Cerebral oxygenation was measured using a four-channel continuous-wave near-infrared spectroscopy (NIRS) system (Artinis Medical Systems BV, Zetten, Netherlands). Light was transmitted through a fibre-optic cable with sensors consisting of a transmitter and detector, using wavelengths of 775 nm and 845 nm to give relative changes in deoxygenated hemoglobin (HHb) and oxygenated hemoglobin (o2Hb). To measure cerebral oxygenation, we placed the transmitter and receiver 5 cm apart in a small black plastic holder 2 cm above the left eyebrow, secured by double-sided adhesive tape, and shielded it from outside light by having the client wear a dark headband. NIRS can be used as a non-invasive means to assess oxygen-saturation changes in cerebral tissue.22 NIRS follows changes in cerebral oxygenation, which can equate to changes in cerebral blood volume. Assessing cerebral perfusion and oxygenation during ambulation is difficult, but the use of NIRS allows normal ambulation while the oxygenation response is assessed during the unpredictable episodes of FOG.

Blood oxygen saturation (Spo2) was measured with a standard pulse oximeter (Ohmeda Biox 3740 Pulse Oximeter; Louisville, CO). Baseline BP, cerebral oxygen response, Spo2, and electrocardiogram (ECG; GE Case 12, GE Medical, Milwaukee, WI) recordings were obtained during a 10-minute seated rest before and continually throughout exercise. The treadmill protocol began at 2.68ċmin–1 and advanced in 2.68 mċmin–1 increments every 30 seconds unless symptoms or FOG necessitated modification. Exercise was terminated when the participant was physically unable to continue or reached a rating of perceived exertion (RPE) corresponding to “hard” or “very hard,” as measured on the numeric scale from the Cleveland Clinic Heart and Vascular Health and Prevention Web site.23

Results

Treadmill testing session 1 was conducted during the peak of the client's PD medication (on-phase), identified as the approximate time of maximum action of levodopa. The client was dyskinetic before taking his medication but became noticeably hypokinetic during resting/pretest measurements, approximately 30 minutes after taking the dose. His resting HR and BP were 73 bpm and 106/64 mmHg respectively, with Spo2 at 96% and a normal ECG. While on the treadmill (40 min after taking levodopa), he stated that his feet felt as if they were “glued to the floor.” He experienced two separate FOG episodes during this session. The first occurred approximately 6 minutes into the test, at a pace of 10.7 mċmin–1, and lasted about 1 minute. His HR and BP measured immediately after the FOG were 78 bpm and 104/76 mmHg respectively. Although Spo2 remained stable, the NIRS measuring cerebral oxygenation showed a reduction in both O2Hb and total hemoglobin (tHb). The decrease in O2Hb and tHb returned to baseline by the end of the first FOG episode (see Figure 1, first arrow; Table 1).

Figure 1.

Figure 1

Near-infrared spectroscopy during client's on-phase exercise session showing a reduction in oxygenated (red/thickest tracing) and total hemoglobin (green/thinnest tracing) from baseline values (marked by arrows) during two FOG episodes. (Y=start of exercise; C=3 on the rate of perceived exertion scale (RPE); D=4 on RPE; E=5 on RPE; F=6 on RPE; G=7 on RPE; K=FOG lasting approximately 1 min; L=walking; Z=end of exercise).

Table 1.

Rest and Exercise Variables during Session 1 (On-Phase)
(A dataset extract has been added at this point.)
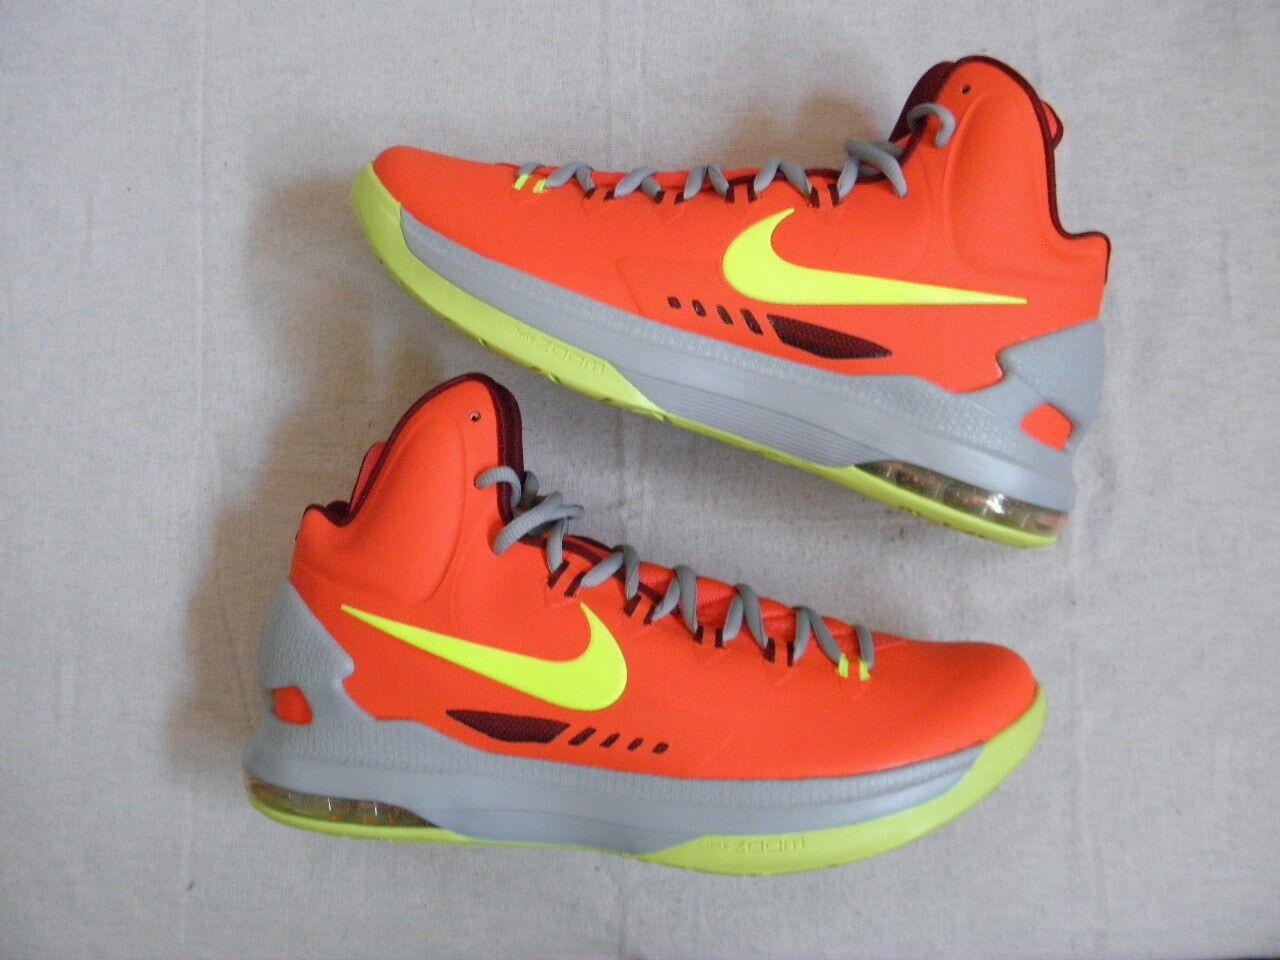 74fbbc6f1597 Nike Air Zoom KD KD5 KD5 KD5 5 V sz 11 Durant DMV DC Maryland Virginia

Pace, mċmin–1 HR, bpm BP, mmHg Spo2 RPE Cerebral NIRS
O2Hb tHb
Prior to exercise 73 106/64 96 Baseline Baseline
FOG (episode 1) 10.7 78 104/76* No change Decreased Decreased
FOG (episode 2) 10.7 90 106/74* 96 Hard Decreased Decreased
Post exercise 75 102/70 Return to baseline Return to baseline
*

BP measured immediately following FOG episode.

mċmin–1=metres per minute; HR=heart rate; bpm=beats per minute; BP=blood pressure; Spo2=blood oxygen saturation; RPE=Rating of Perceived Exertion scale; NIRS=near-infrared spectroscopy; O2Hb=oxygenated hemoglobin; tHb=total hemoglobin; FOG=freezing of gait.
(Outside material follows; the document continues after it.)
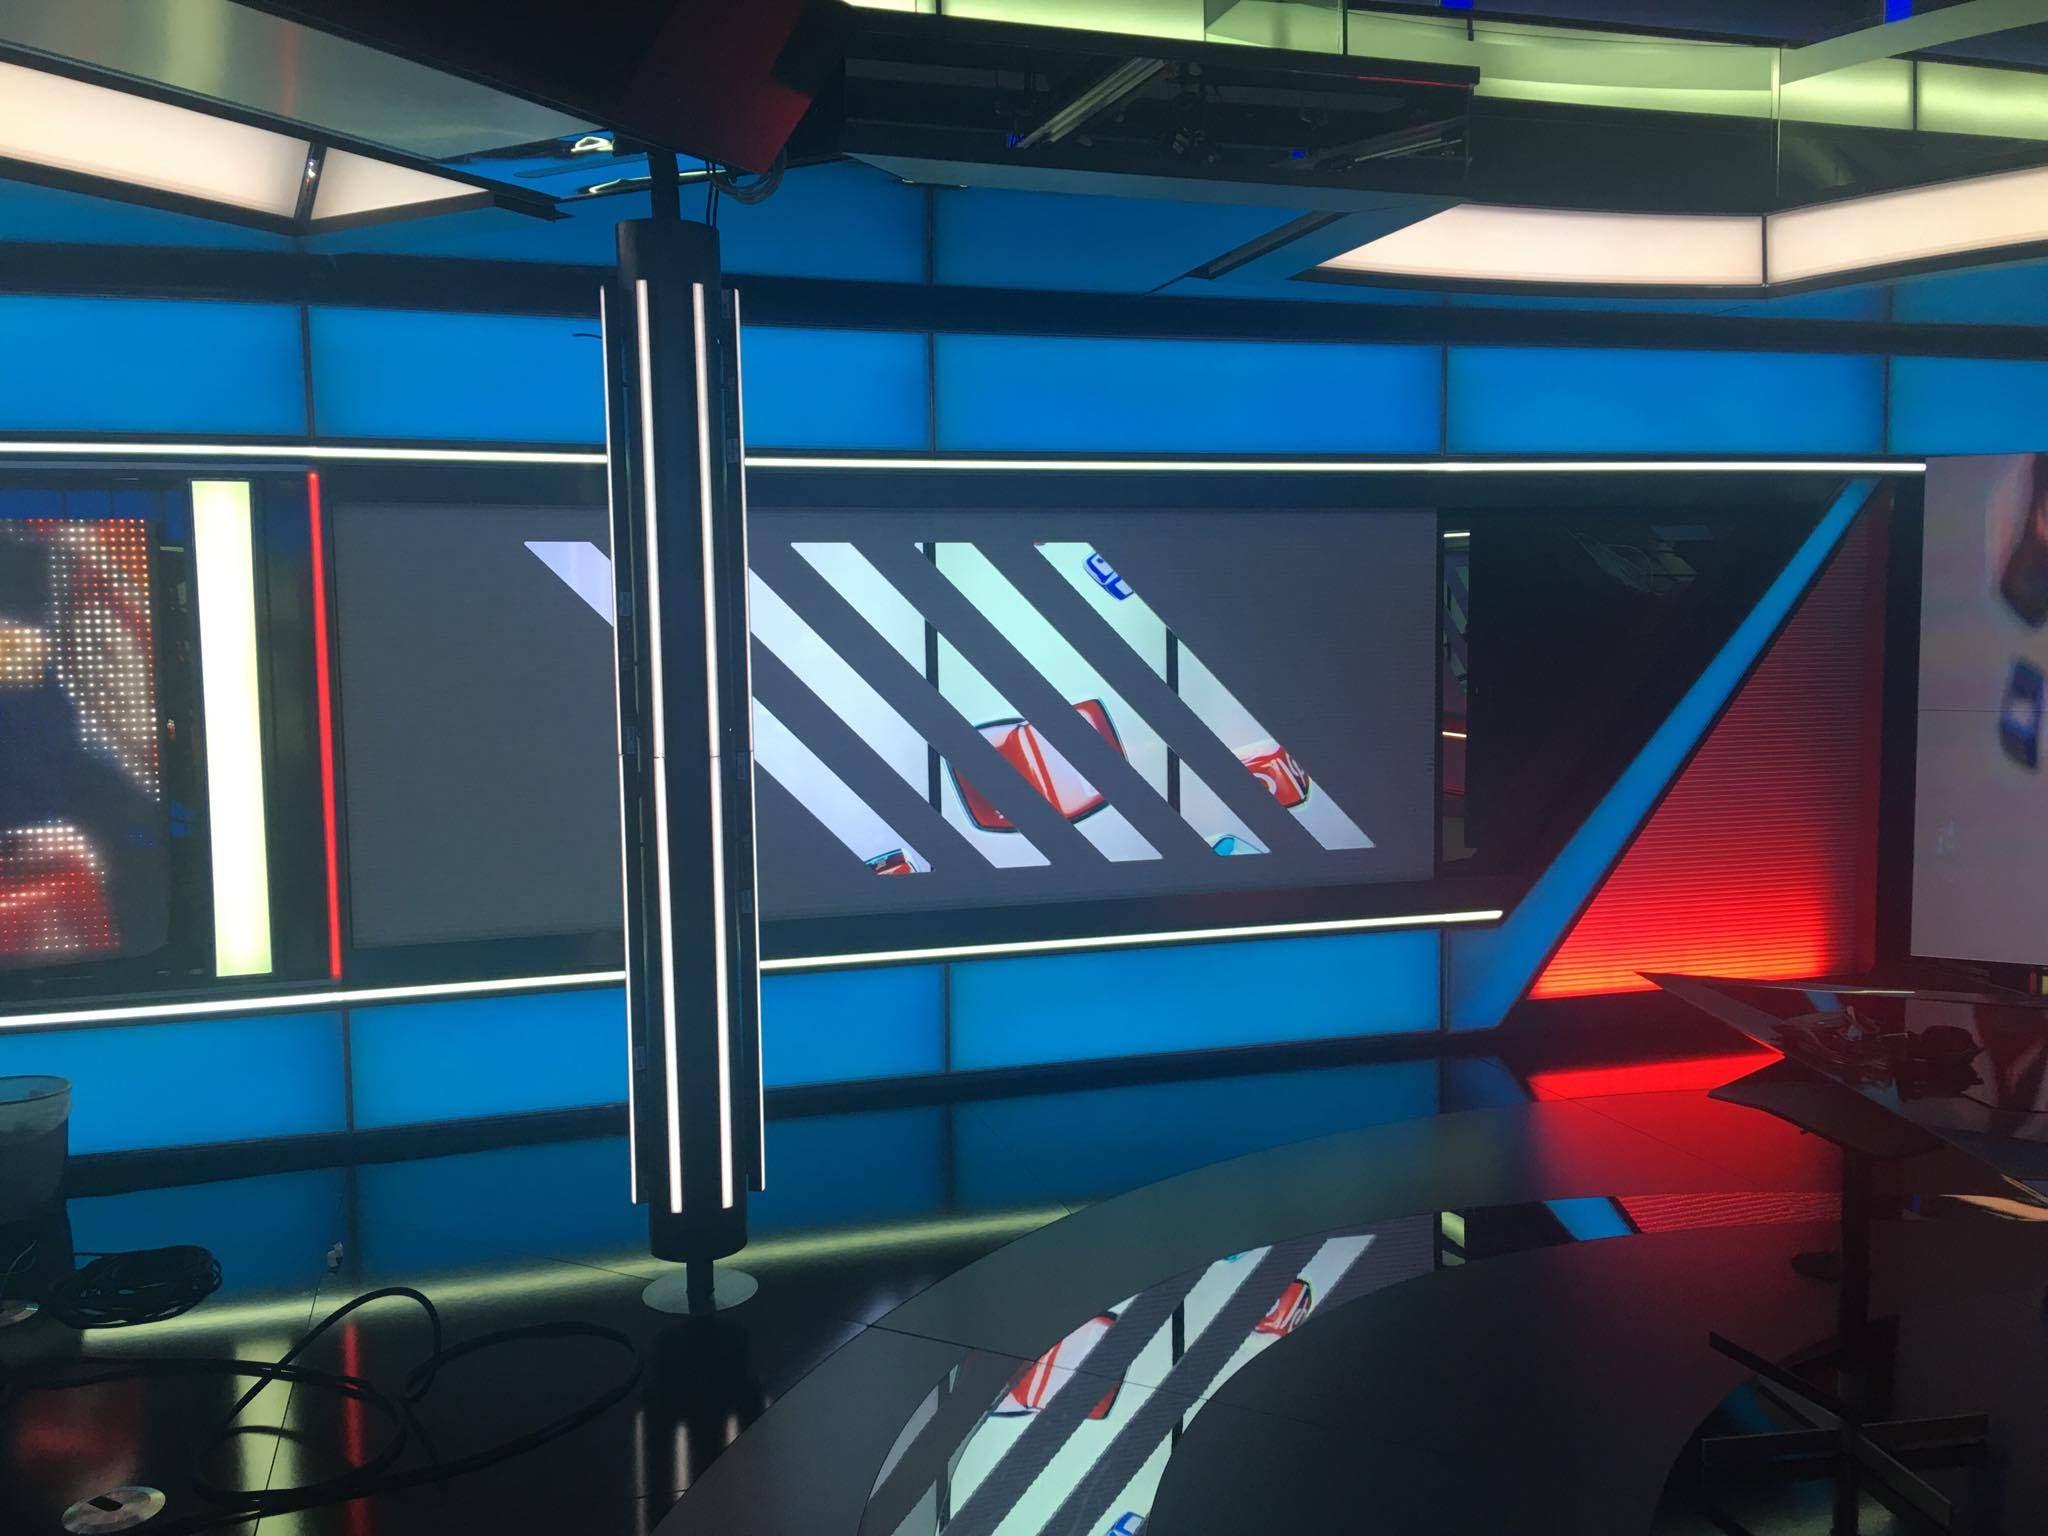 Al Arabiya's new state-of-the-art studio

After the first FOG episode, the client continued walking at the same pace for an additional 3 minutes and 50 seconds. At this point, a second FOG episode occurred, which also lasted about 1 minute. The client's HR was 90 bpm during the episode; his BP was 106/74 mmHg immediately before and after (see Table 1). The RPE obtained before this FOG episode was “hard” (5/10–6/10). The NIRS again showed a significant drop in O2Hb and tHb; both responses returned to baseline after the second FOG episode (see Figure 1, second arrow). Exercise testing was terminated at this point, after 9 minutes and 50 seconds. No significant ECG or Spo2 changes were noted, and the client did not report any lightheadedness. We did not obtain BP measurements during either FOG episode because the client was holding tightly to the treadmill handrails in an isometric fashion.
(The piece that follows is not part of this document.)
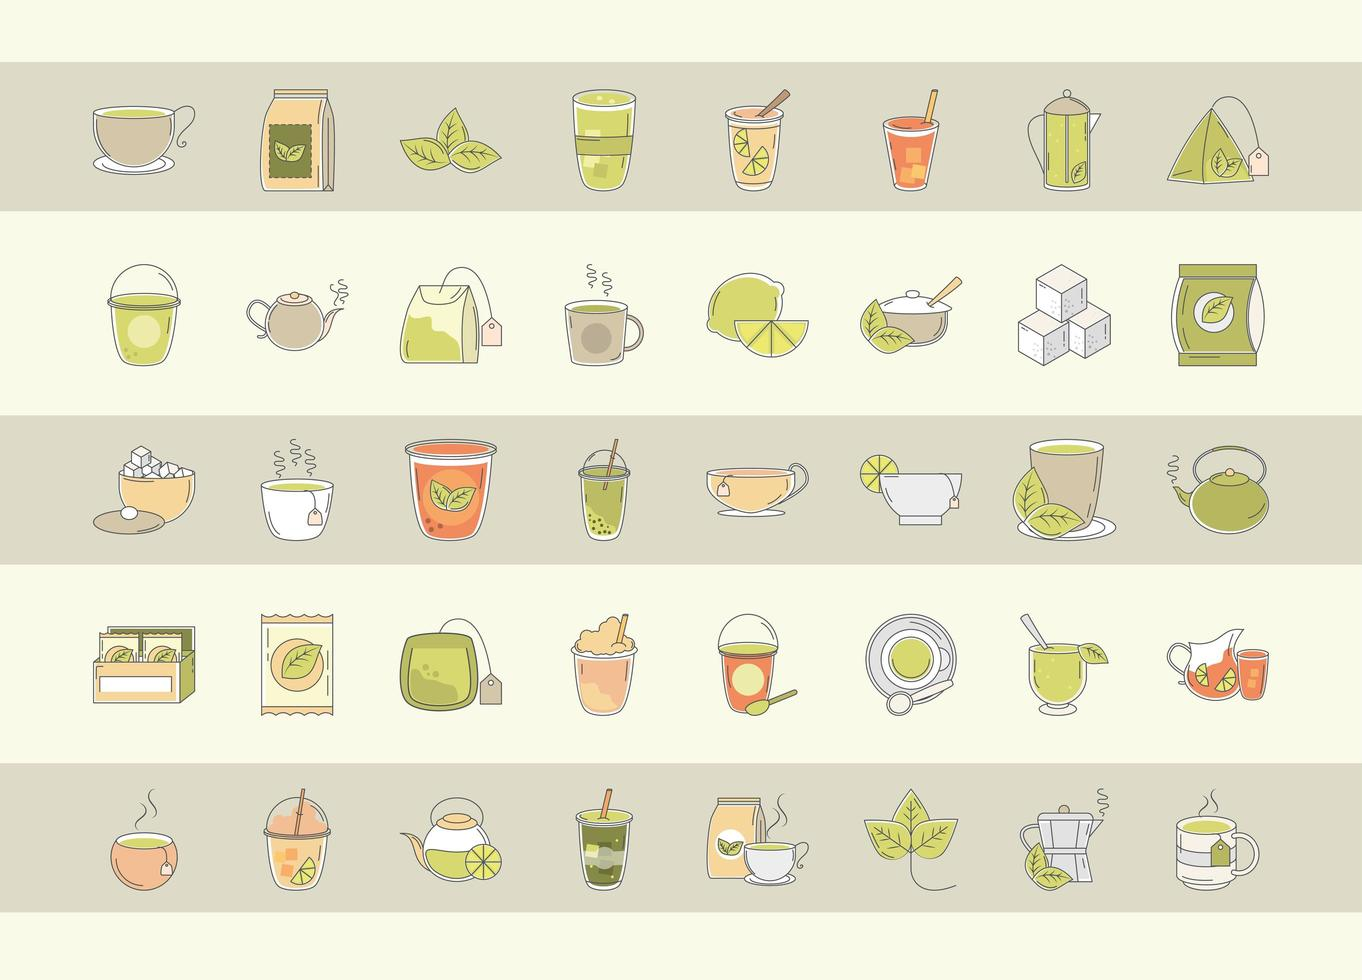 jeu d'icônes de l'heure du thé vecteur

The client's second exercise testing session was conducted on the same day, 2 hours after he took his prescribed levodopa; levodopa levels were presumed to be low at this time (off-phase). Immediately before this session, the client was beginning to exhibit dyskinetic movement. His pre-exercise HR and BP were 77 bpm and 108/70 mmHg respectively; Spo2 was 96%, and his resting ECG was again normal. After 1 minute of exercise, the client reported a brief FOG episode causing minimal interruption of movement, which was noted by the researchers as less significant than the FOG that occurred during the on-phase exercise session. At the 3-minute mark, the client noted slight lightheadedness and identified his RPE as “moderate” (3/10). No ECG changes were noted. After 9 minutes of exercise, he reported RPE as “hard” to “very hard” (5/10–8/10), with more significant lightheadedness and the beginning of discomfort in his left shoulder, which he attributed to fatigue from his dyskinetic movements. His BP dropped to 74/40 mmHg, with a HR of 100 bpm. At this time, the ECG demonstrated approximately 1.5 to 2 mm downsloping ST segment depression in lead V5. Exercise was terminated at this point because of the significant drop in BP and the ECG changes. Total treadmill time for the second exercise session was 10 minutes and 1 second, ending at a peak speed of 13.4 mċmin–1. During recovery, the client was seated while his BP, ECG, and symptoms improved. BP at 4 minutes recovery was 96/58 mmHg, and the client's lightheadedness resolved completely. His ECG returned to pre-exercise baseline levels by 10 minutes post exercise, and BP remained stable. No significant NIRS-measured cerebral oxygen changes were noted during the second exercise testing session (see Figure 2 and Table 2).

Figure 2.

Figure 2

Near-infrared spectroscopy during client's off-phase exercise session, showing no change in oxygenated (red/thickest tracing) and total hemoglobin (green/thinnest tracing) from baseline values. (Y=start of exercise; A=1 on the rate of perceived exertion scale (RPE); C=3 on RPE; G=7 on RPE; F=6 on RPE; L=walking; Z=end of exercise).

Table 2.

Rest and Exercise Variables during Session 2 (Off-Phase)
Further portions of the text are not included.